After his parents died, in 1928 and 1930, he continued to run the family theatre company with his (second) wife.

==Personal==
His first marriage took place in Bilbao on 27 August 1917 and was to María O'Donell y Díaz de Mendoza. She died two years later.

He later became involved with the actress Carola Fernán Gómez who gave birth to Fernando Fernán Gómez, one of the most notable Spanish actors of the twentieth century.
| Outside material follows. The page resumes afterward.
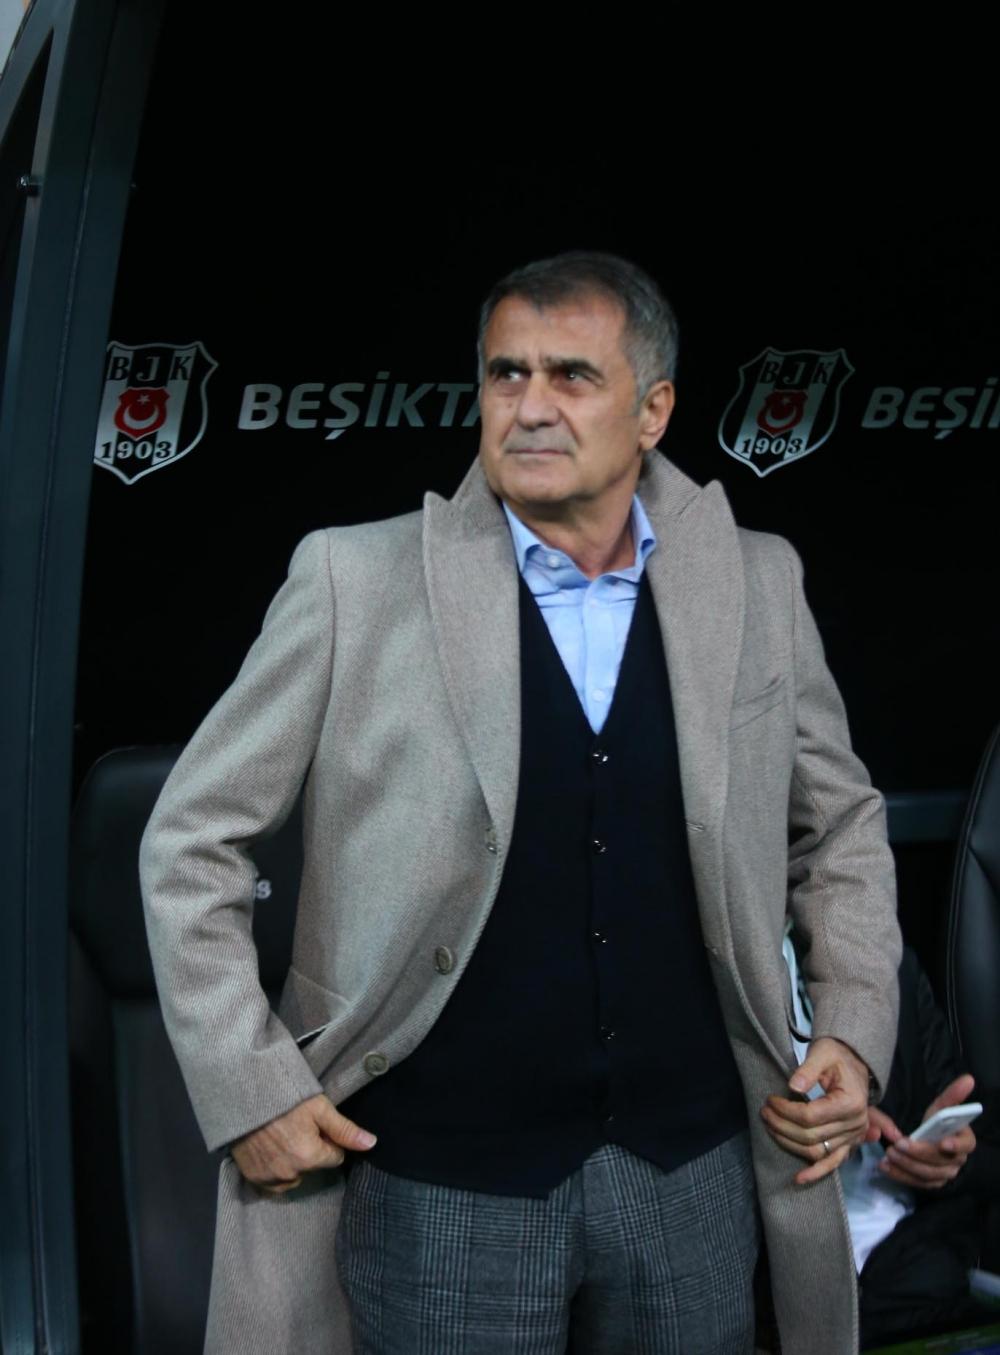 Beşiktaş - Galatasaray maçından kareler 1

Díaz de Mendoza y Guerrero never acknowledged his paternity in public, however.

His second marriage took place in 1927 and was to his first cousin, the actress María Guerrero López, with whom he had two or three more children.
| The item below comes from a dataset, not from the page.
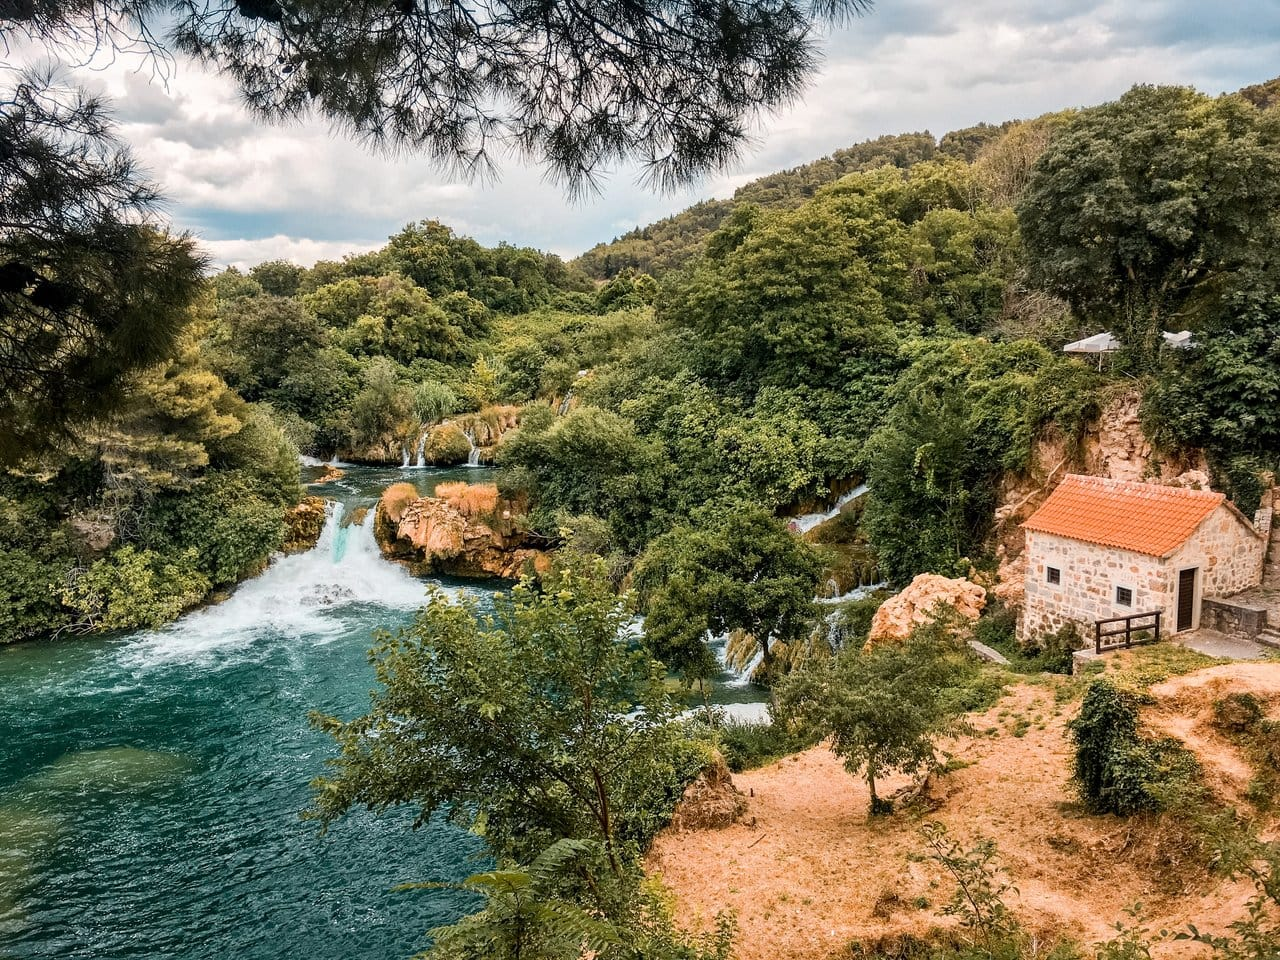 Krka waterfalls day trip from Split

Fernando Díaz de Mendoza y Guerrero died in the Atlantic Ocean, roughly 60 km to the southwest of Martinique. The Monte Gorbea (as the Arantza Mendi was renamed in 1939) was a 20-year-old multi-use cargo ship, with approximately 30 passenger cabins. On 19 September 1942, travelling from Buenos Aires to Bilbao with a stopover for provisioning at Curaçao, she was torpedoed by a German submarine, identified as U-512. The boat was painted in neutral colours, but the German submarine captain became convinced that she was a British vessel disguised as a Spanish one. After the atrocity the submarine was ordered back to German-occupied France, where the captain was to face a court martial, but it was sunk by an American air attack without ever getting back to Europe. The Monte Gorbea carried a crew of 47, of whom 23 died when the ship was sunk. There were also 23 passengers, of whom 19 died. Díaz de Mendoza was one of these.